> **Required action**
Leave the pictures out and restate every line below exactly.

> **Material provided**
^^^^
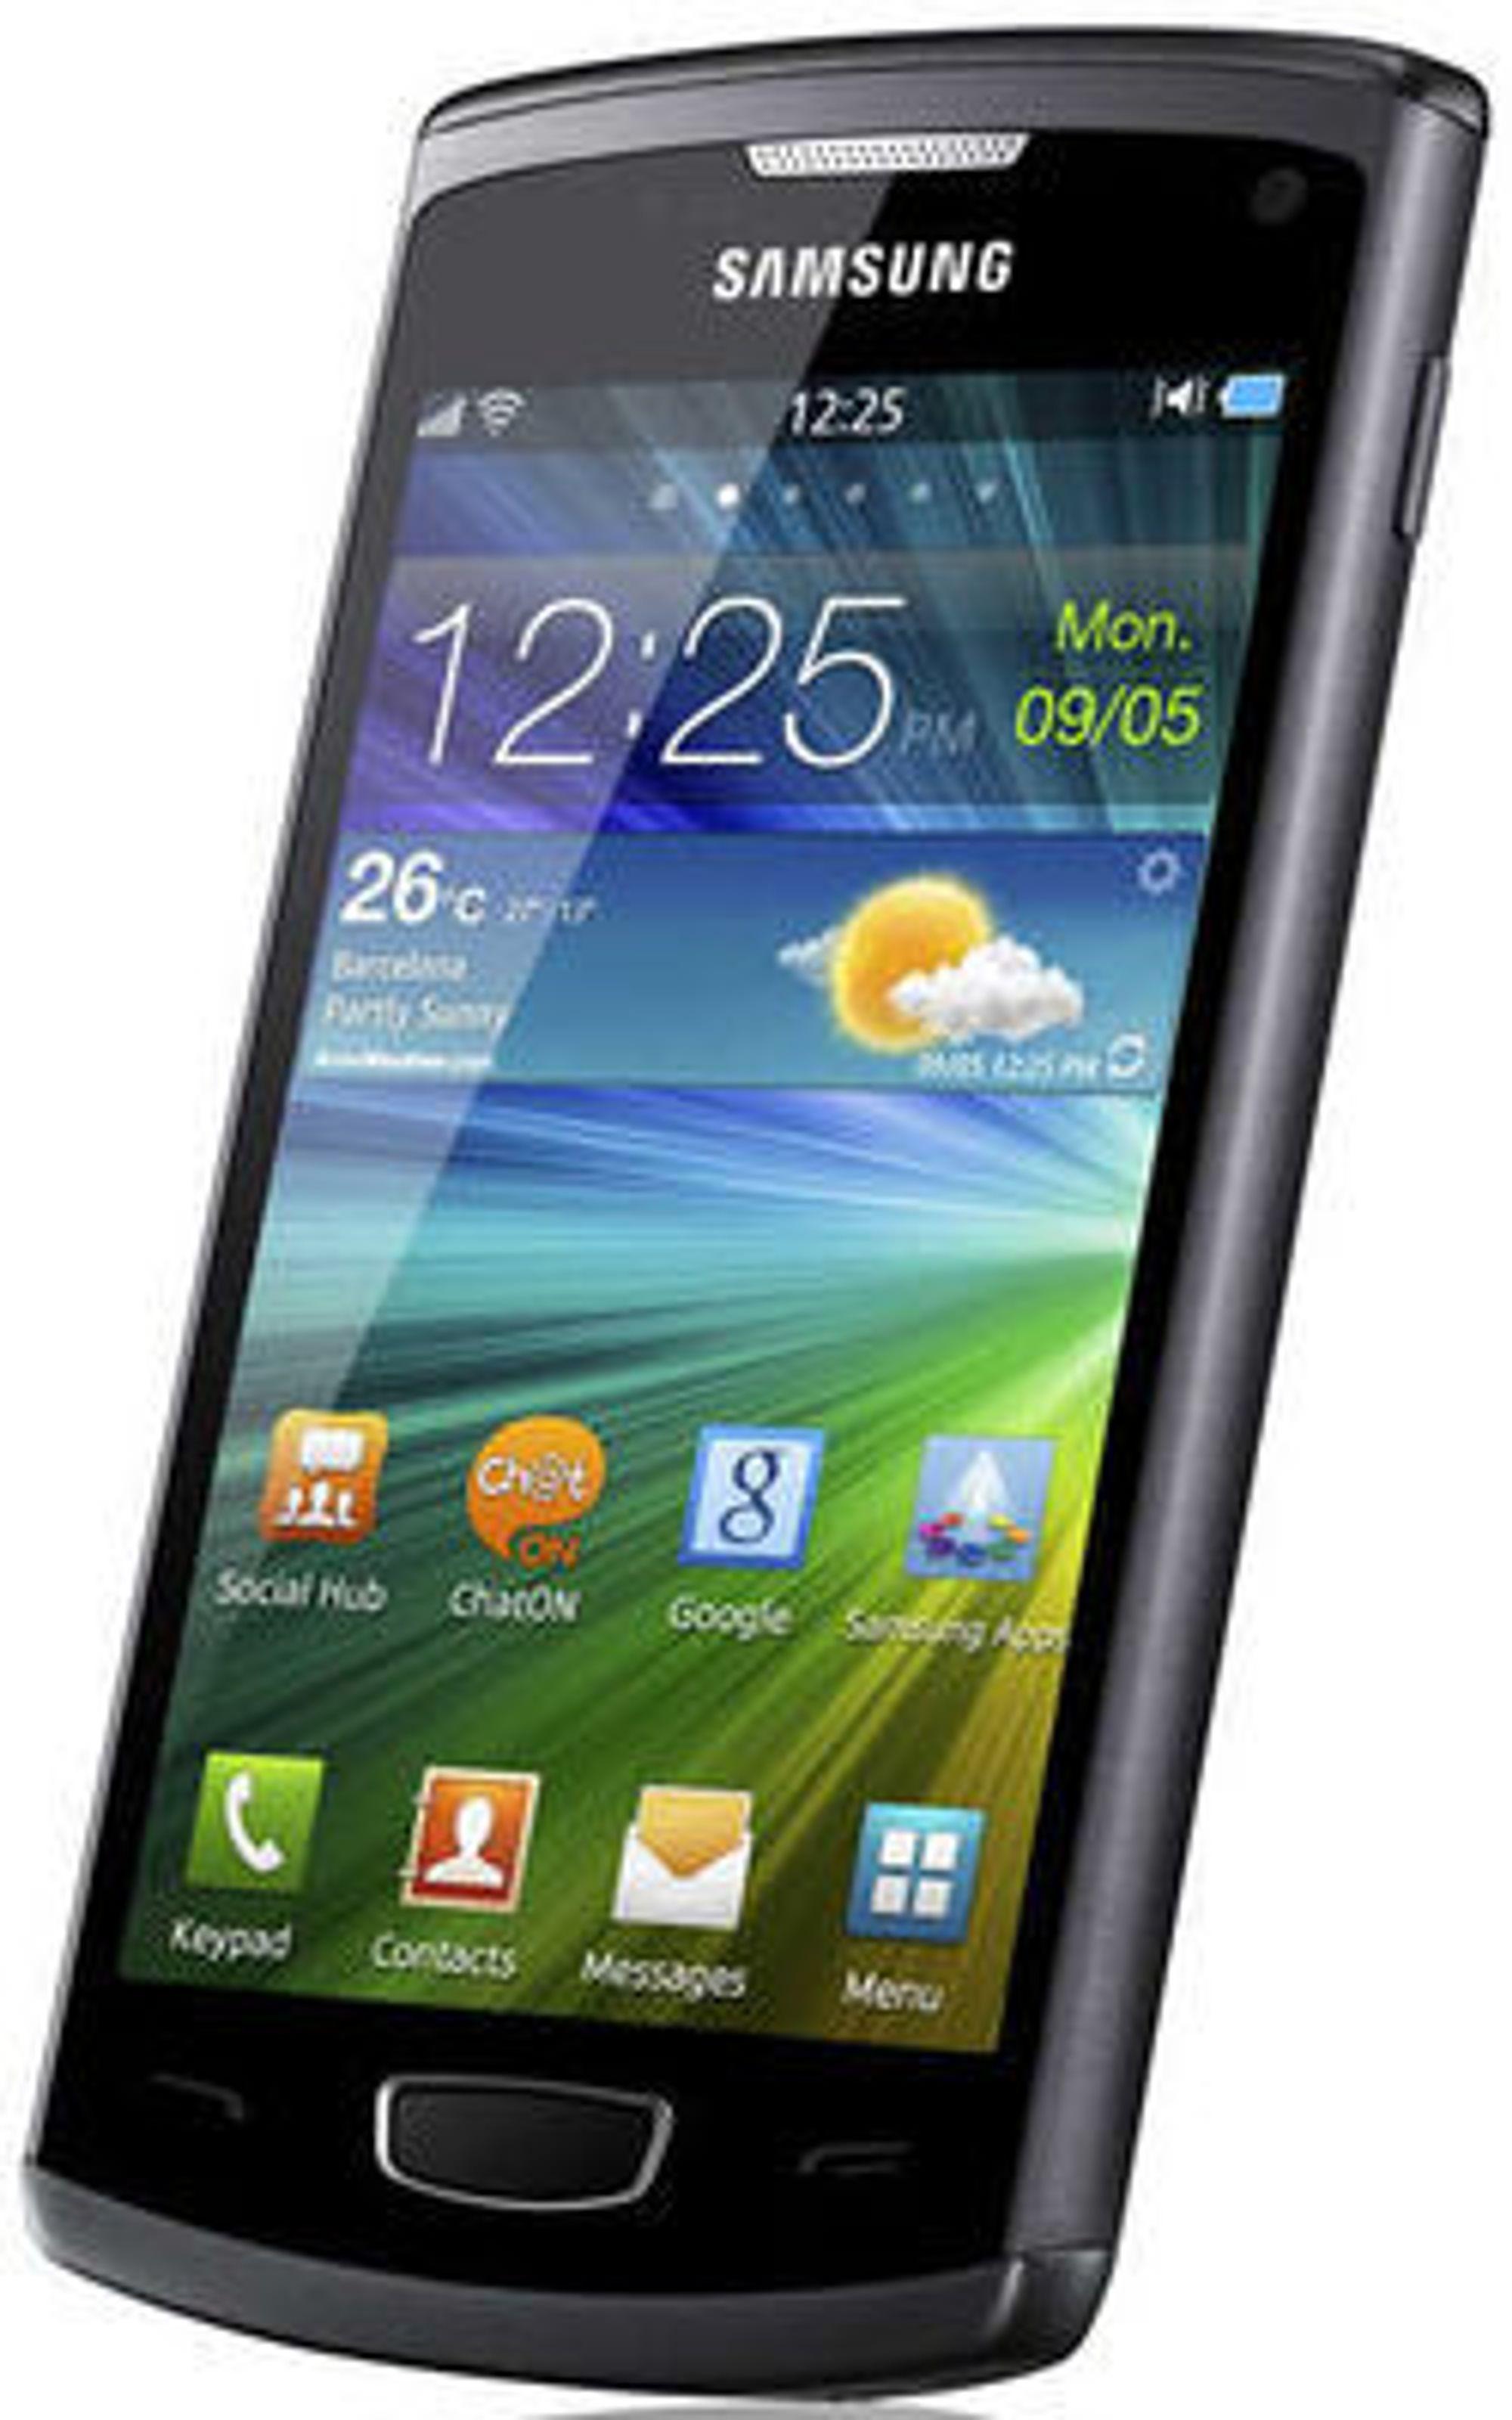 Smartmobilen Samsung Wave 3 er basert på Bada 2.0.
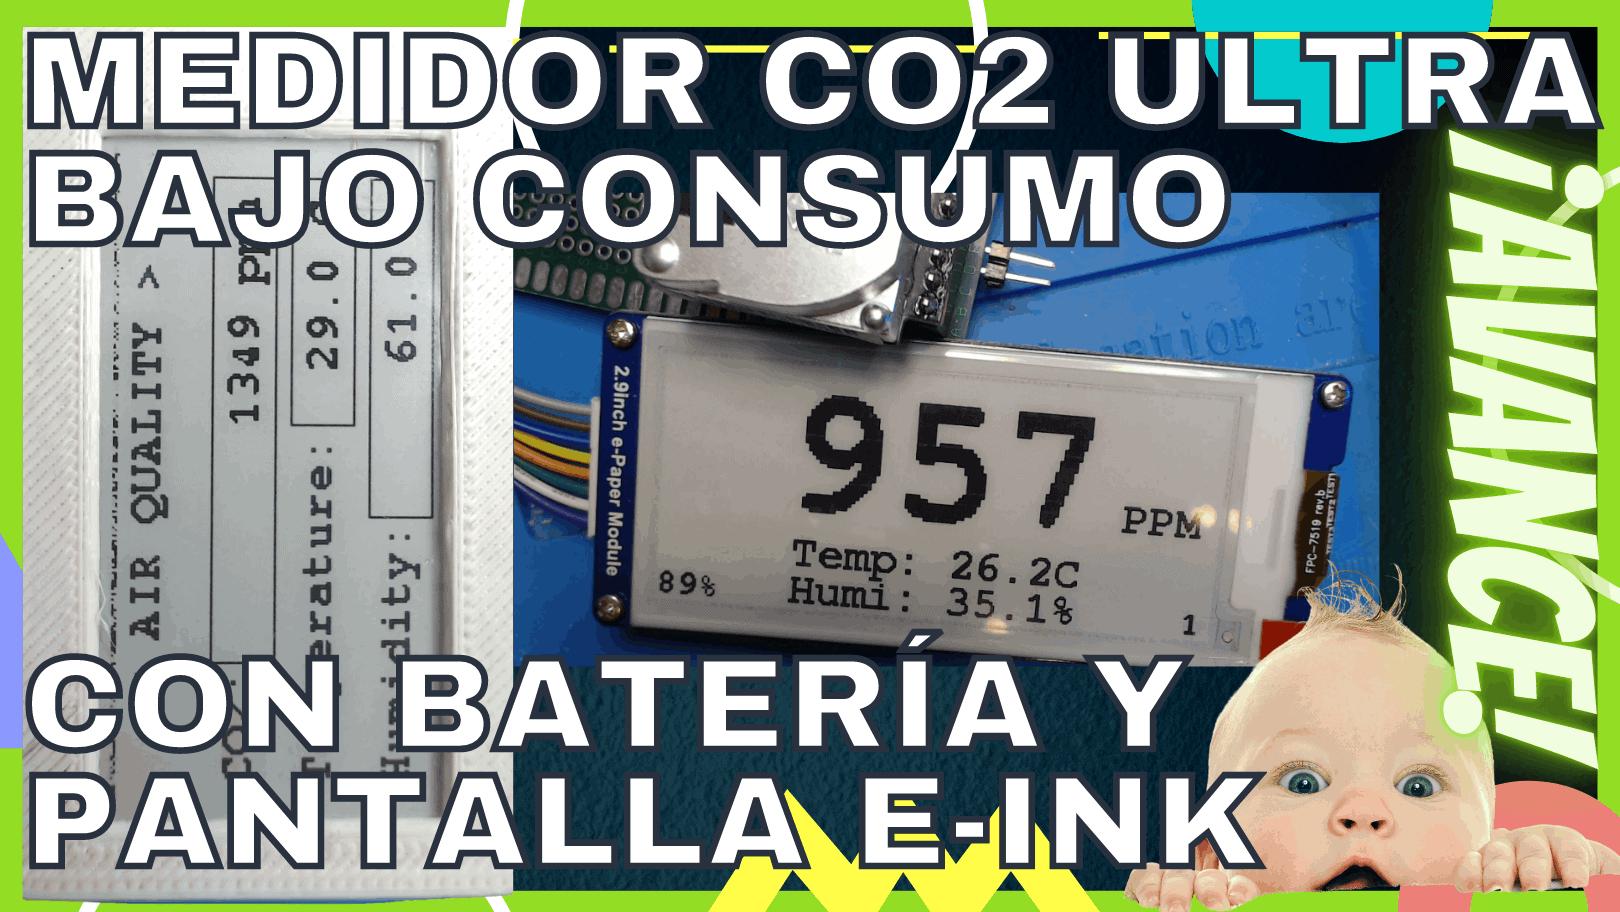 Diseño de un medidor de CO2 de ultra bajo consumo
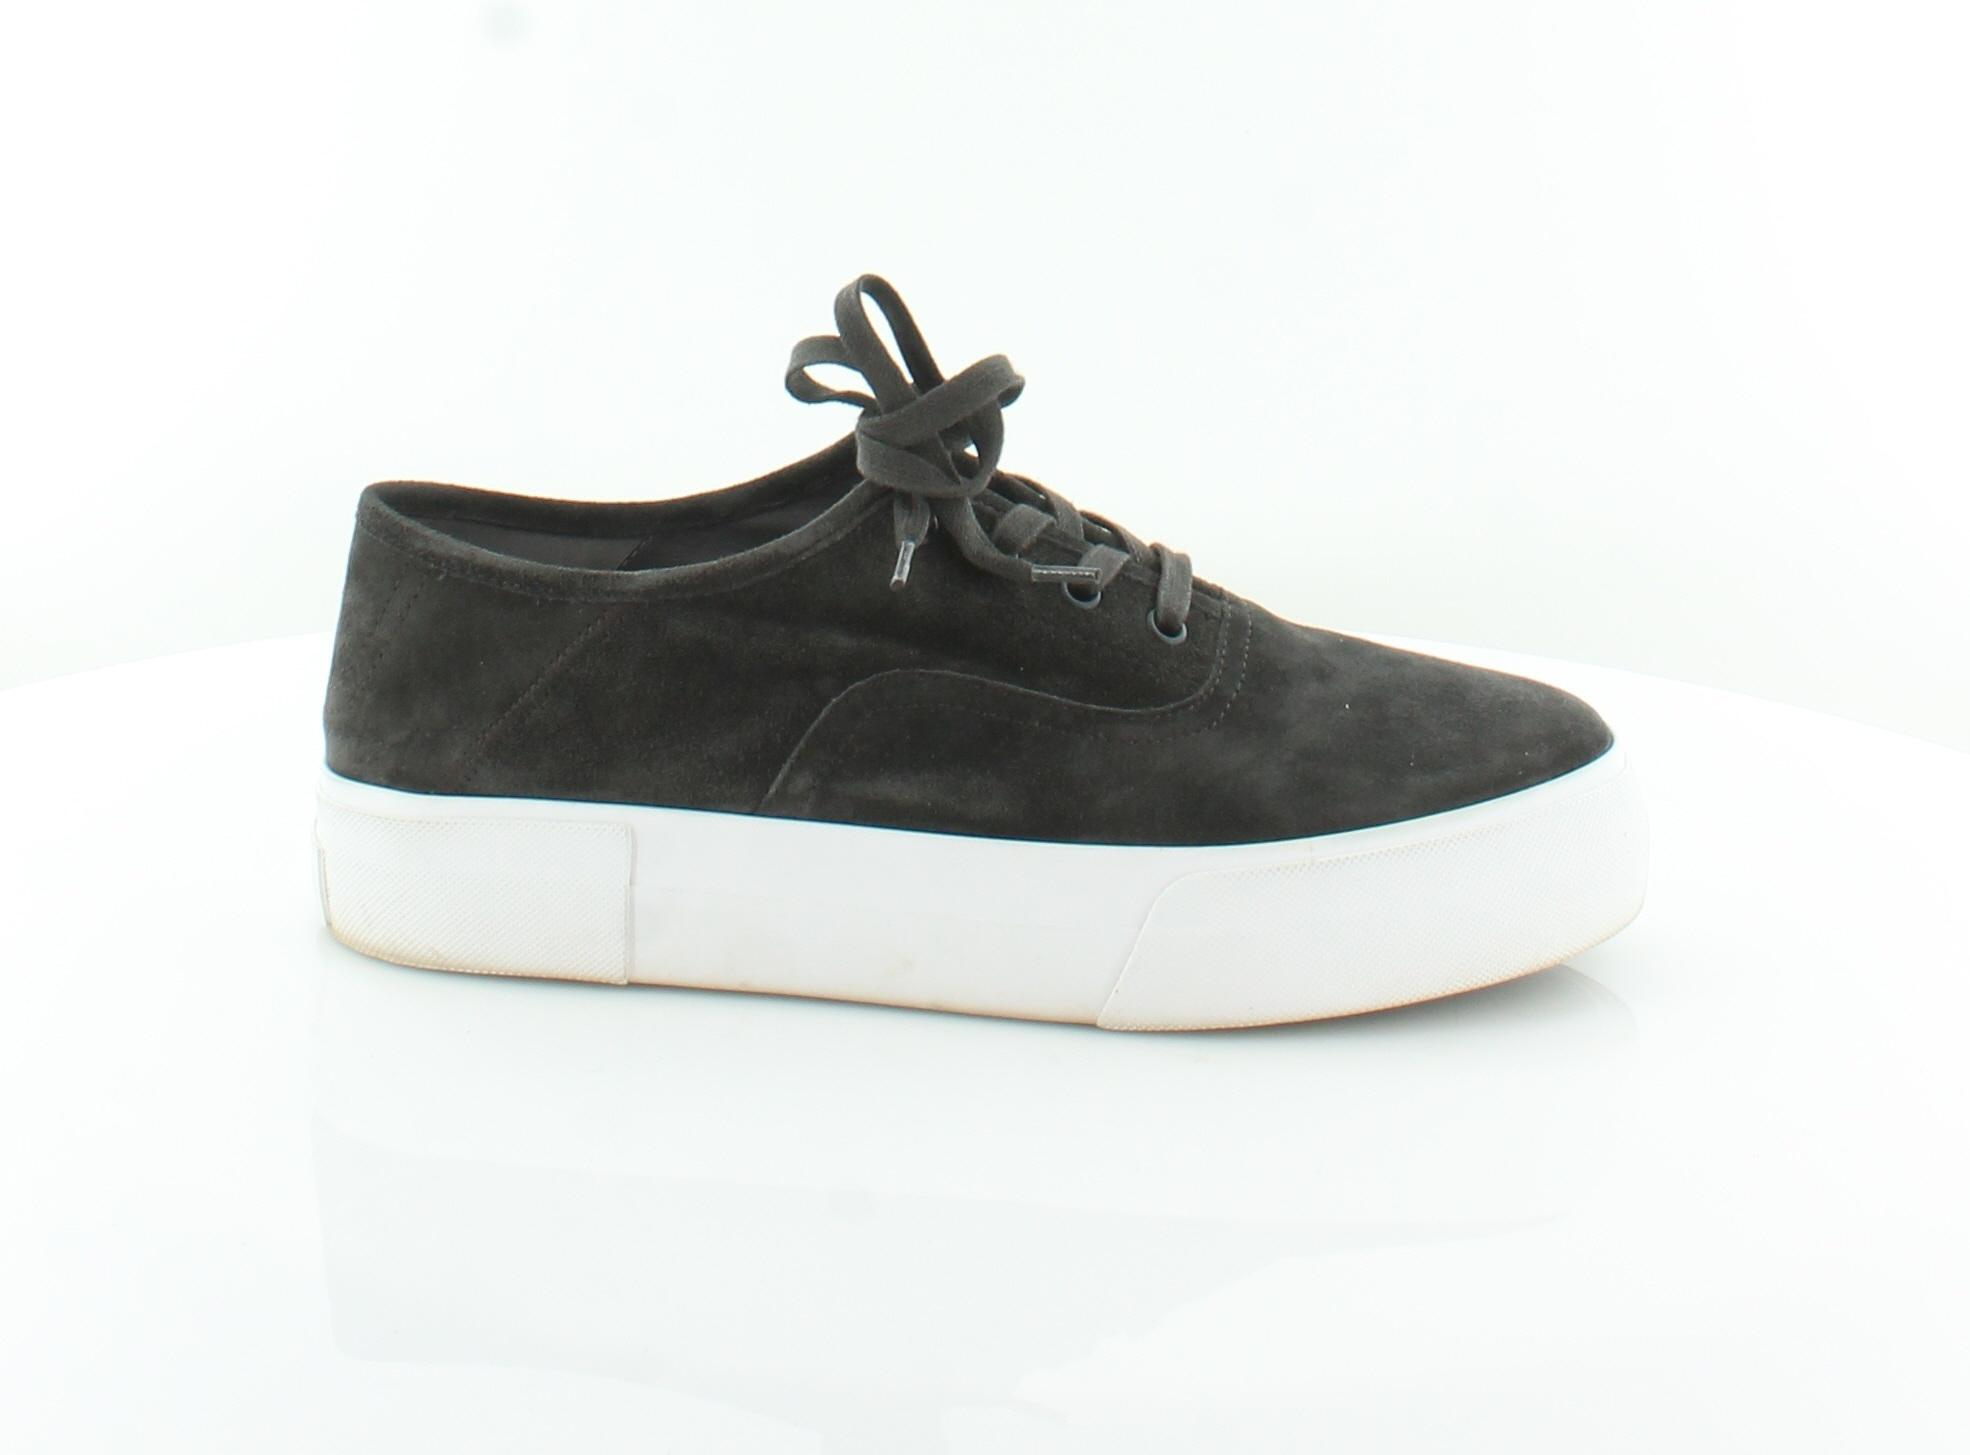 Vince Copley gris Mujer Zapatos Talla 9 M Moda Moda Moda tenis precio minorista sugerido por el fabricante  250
^^^^
> **Written solution**
 Smartmobilen Samsung Wave 3 er basert på Bada 2.0.
 Diseño de un medidor de CO2 de ultra bajo consumo
 Vince Copley gris Mujer Zapatos Talla 9 M Moda Moda Moda tenis precio minorista sugerido por el fabricante  250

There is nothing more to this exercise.